Ma a prescindere da condanne o assoluzioni, con la rinnovazione del dibattimento o una sentenza meno favorevole potrebbero arrivare nuovi argomenti a supporto della decisione del rinnovato management di Autostrade per l’Italia di sospendere all’ex super manager la liquidazione ultramilionaria. L’ex amministratore delegato di Aspi e di Atlantia ne è talmente consapevole che fino a quando ha potuto, ha provato a orientare le strategie difensive del pool di legali di questo processo. Lo ha scoperto – e messo agli atti di un’altra indagine – la Procura di Avellino guidata da Rosario Cantelmo. Come riferito dal Fatto a novembre, Castellucci, pur non avendo più titolo formale dopo le dimissioni a interloquire con gli avvocati, scambiava con loro telefonate e mail “utili ai suoi interessi processuali” nell’ambito delle istanze di Aspi per provare a ottenere il dissequestro delle barriere di un paio di dozzine di viadotti sparpagliati in mezza Italia, e messi ‘al riparo’ su interventi dell’autorità giudiziaria di Avellino con la chiusura delle carreggiate bordo ponte. Provvedimenti motivati da perizie e pareri indipendenti di tecnici esterni e del Consiglio superiore dei Lavori Pubblici che ritengono i sistemi di ancoraggio dei new jersey scelti dopo il disastro di Avellino, rischiosi come quelli che il 23 luglio 2013 cedettero all’urto del pulmino coi freni rotti.
Le interferenze di Castellucci sono state rivelate da un verbale del direttore legale di Aspi, Amedeo Gagliardi: “Castellucci – ha detto l’avvocato – dopo aver concluso la sua esperienza in Aspi, era molto attento nel seguire il possibile sviluppo che poteva avere ricadute sul processo di appello relativo all’incidente del viadotto di Acqualonga.
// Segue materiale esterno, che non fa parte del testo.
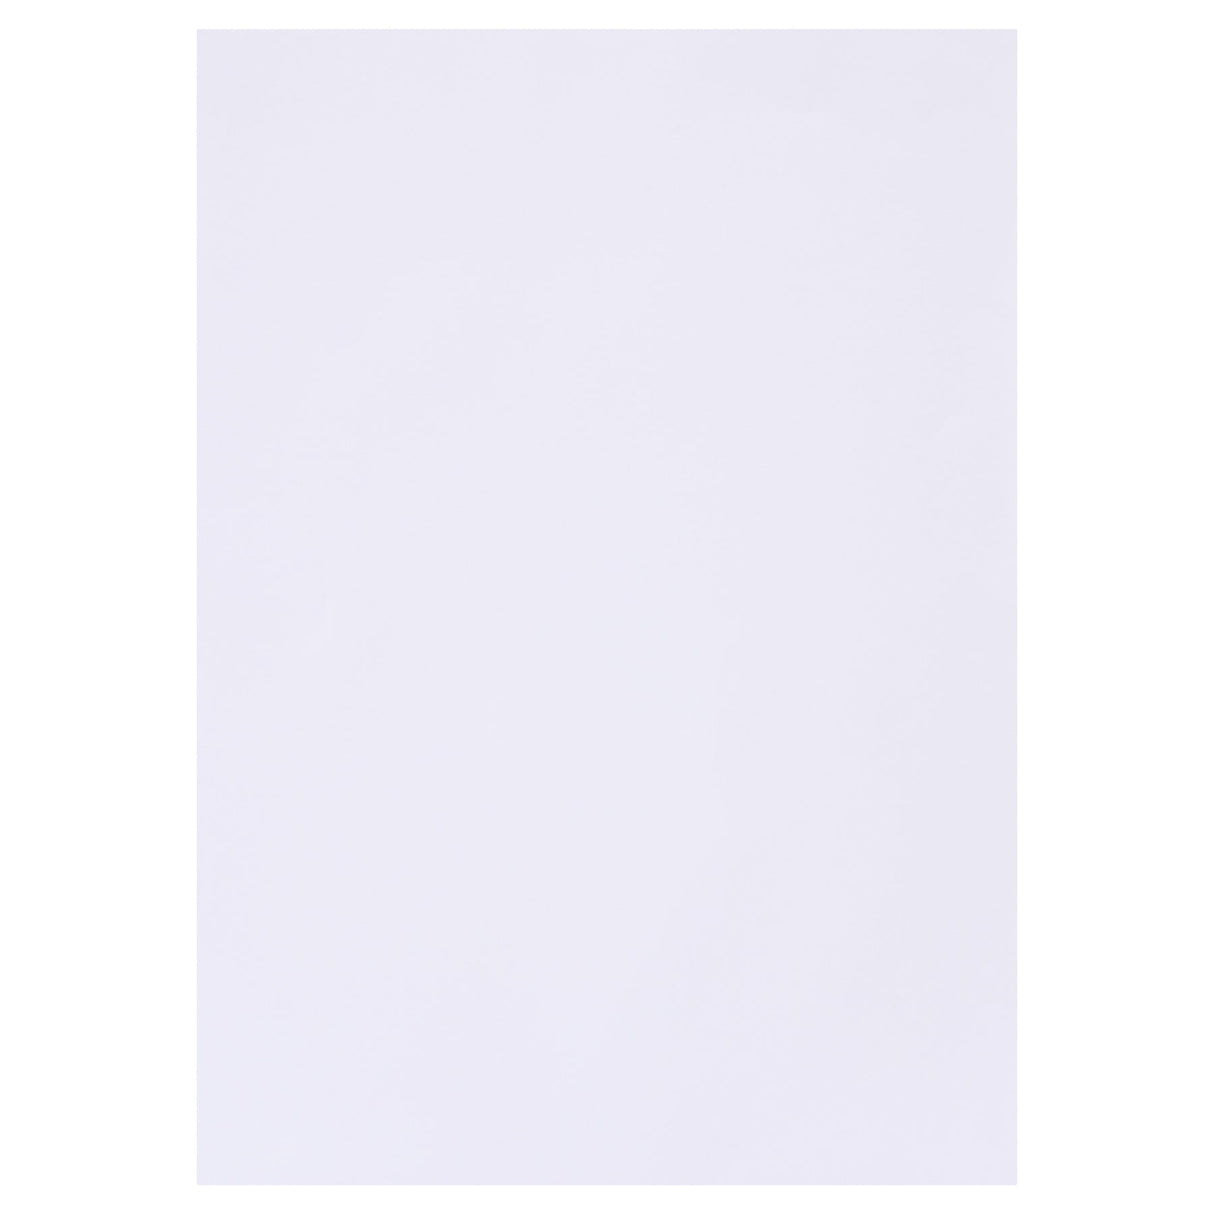 Premier Activity A2 Card - 160gsm - White - 25 Sheets | Stationery Shop UK

Castellucci infatti riteneva che le risultanze del procedimento in corso potevano essere oggetto di valutazione in sede di appello”. Dalla documentazione fornita agli inquirenti risulta che Castellucci supervisionò l’iter e diede l’ok finale via mail: “Punto. Ogni altro riferimento è fuorviante. A mio avviso”.
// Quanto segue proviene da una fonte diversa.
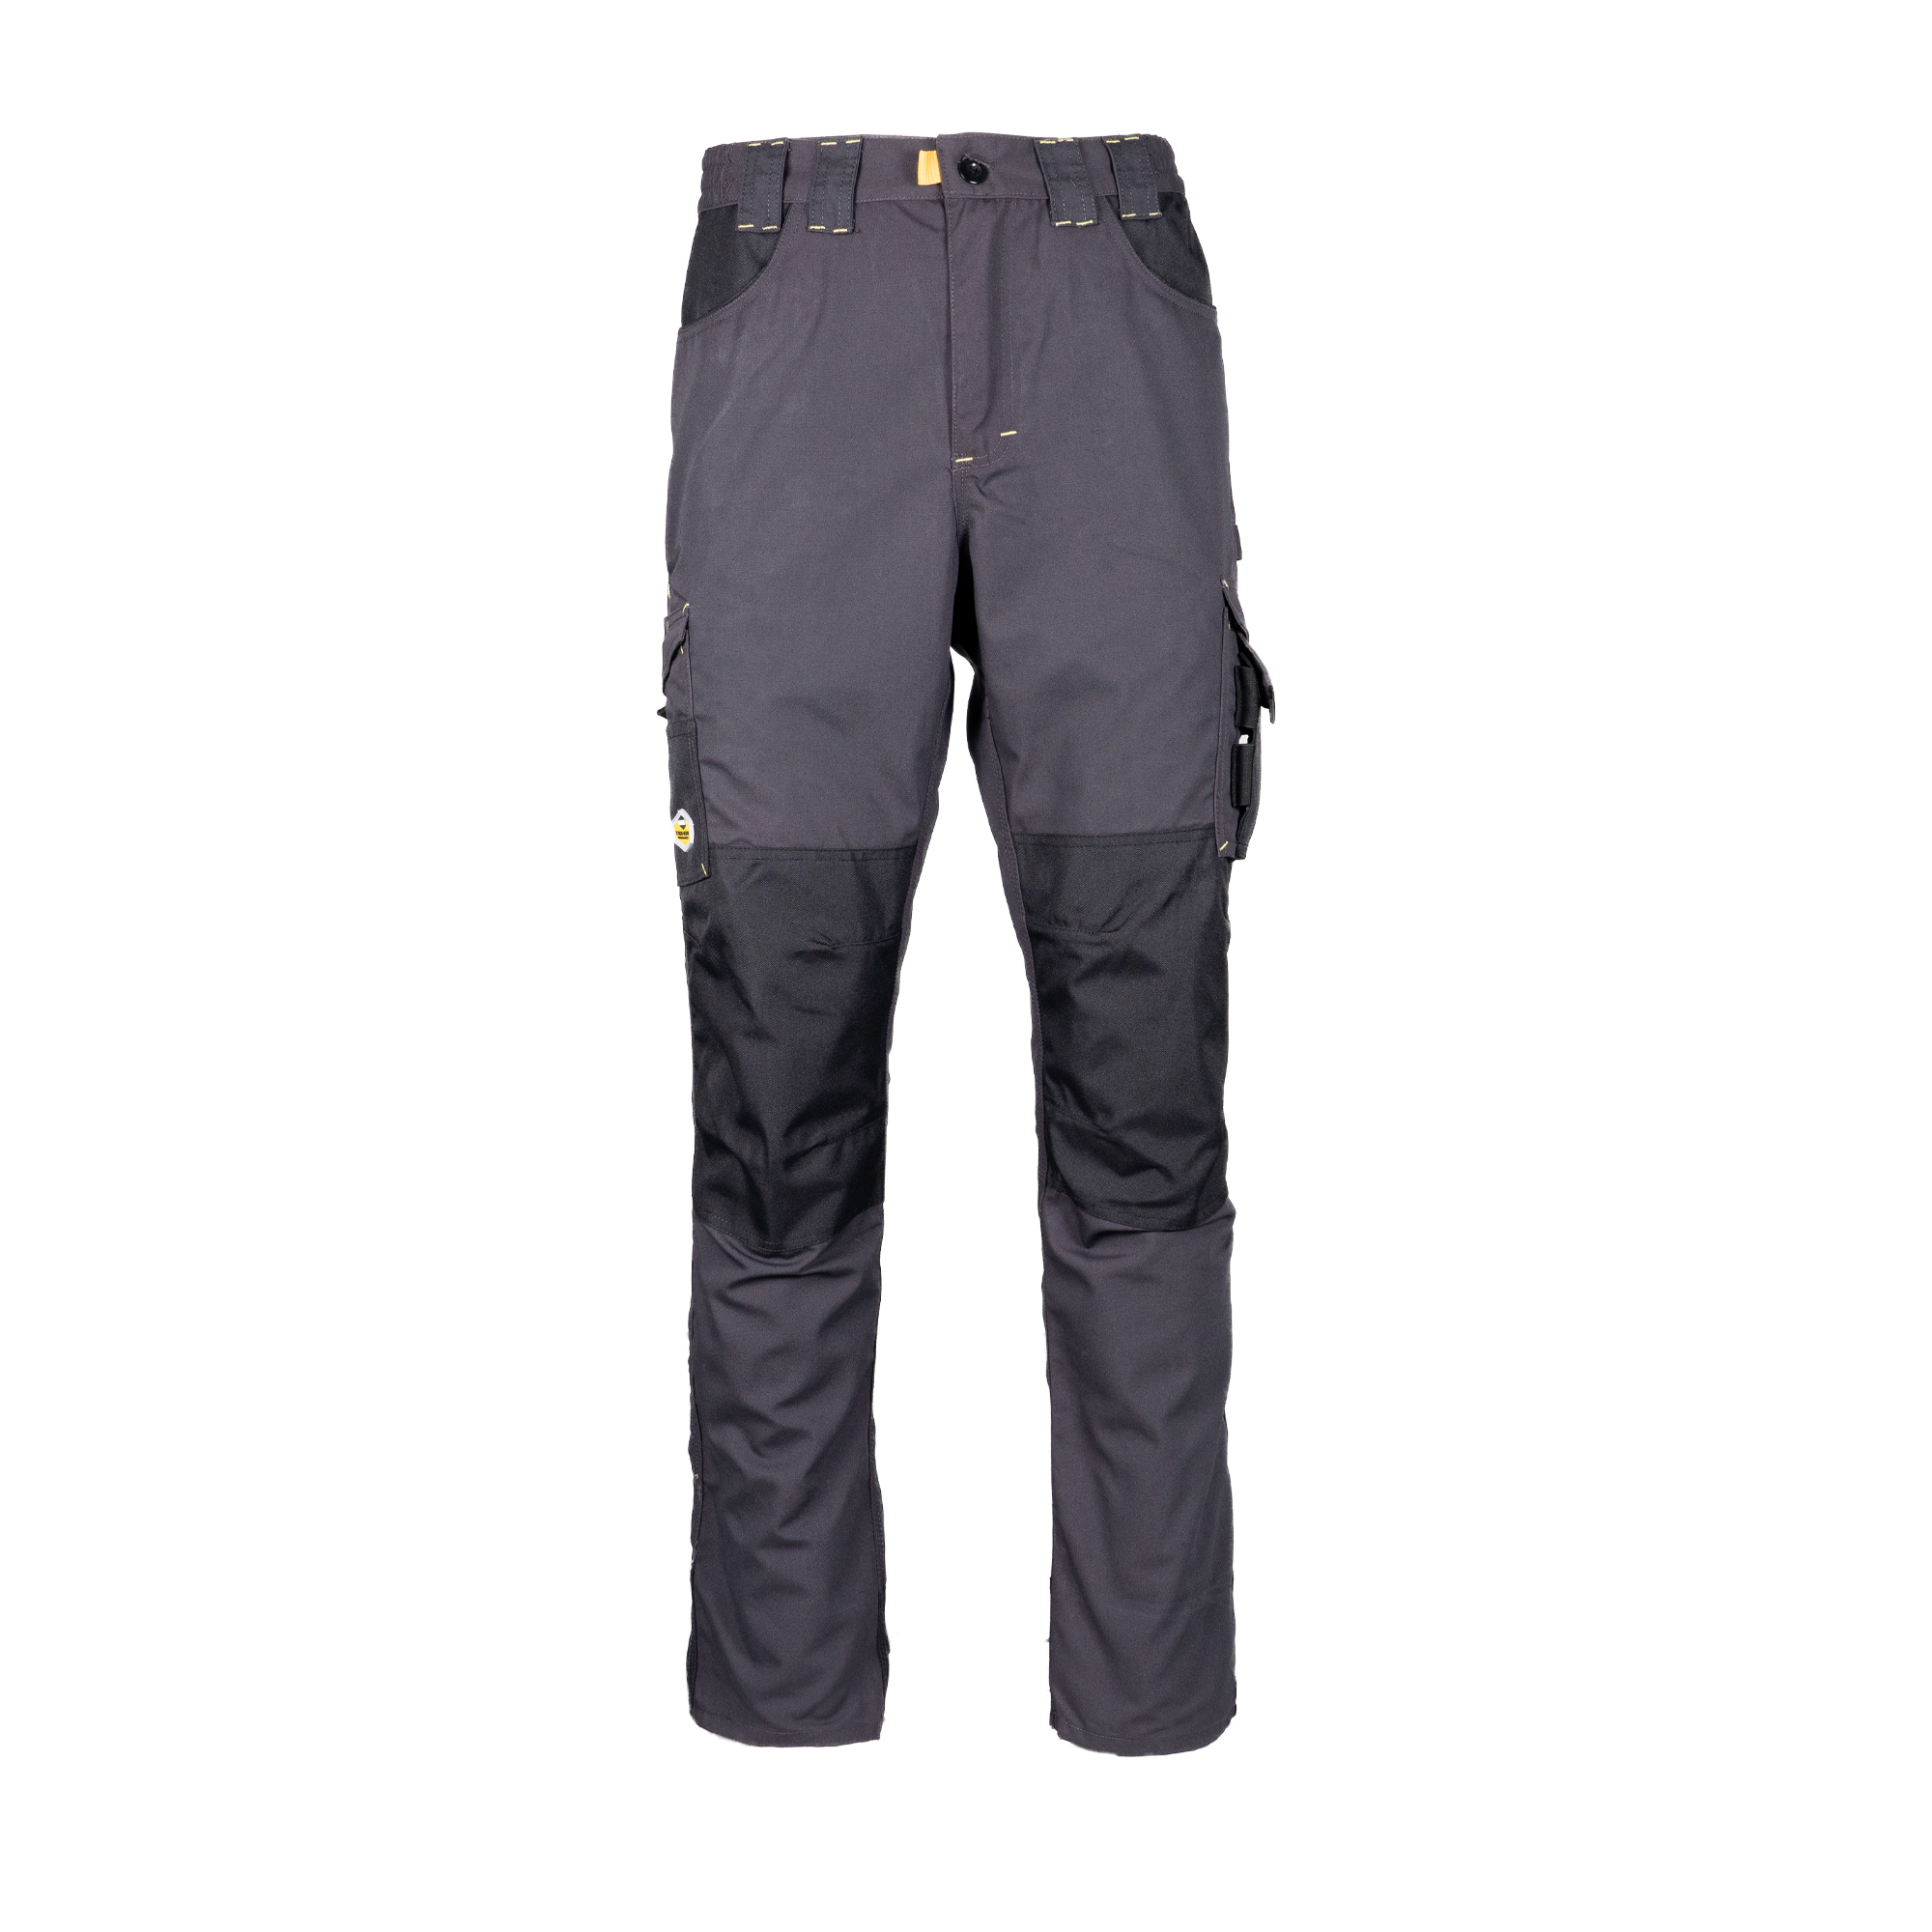 Details 77+ builders work trousers latest - in.cdgdbentre

Non appare un comportamento penalmente rilevante. Ma è indicativo delle preoccupazioni dell’ex Ad, che secondo il Gip di Avellino Fabrizio Ciccone era ancora detentore di “una posizione di supremazia all’interno della concessionaria della rete autostradale tanto da prendere decisioni societarie a cui, invece, dovrebbe essere del tutto estraneo”. Il nuovo ad, Roberto Tomasi, sul punto avrebbe aperto un procedimento disciplinare interno all’ufficio legale aziendale. Non è rilevante penalmente, come abbiamo già scritto, nemmeno la telefonata di Berti. Uno di quelli che in ogni caso ha già pagato: Aspi lo ha licenziato.
Il processo che inizia stamane si annuncia agguerrito. Il sostituto pg Stefania Buda intende portare avanti il ricorso della Procura di Avellino, che è convinta della colpevolezza di Castellucci perché secondo loro le barriere insicure di Acqualonga furono il frutto di “una chiara e inequivoca scelta operativa con una contestuale assunzione di responsabilità” e l’ex ad deve assumersi le conseguenze penali dell’approvazione della delibera Cda datata 18 dicembre 2008, che aveva a oggetto, tra l’altro, “il piano pluriennale di riqualifica del bordo laterale”. In cui fu stabilito che non esisteva l’obbligo di sostituire le barriere di seconda generazione, come i new jersey del viadotto irpino. Castellucci è stato assolto con la motivazione che la responsabilità della manutenzione era esclusiva in capo ai dirigenti di Tronco come Berti (tutti condannati a pene tra i cinque e i sei anni).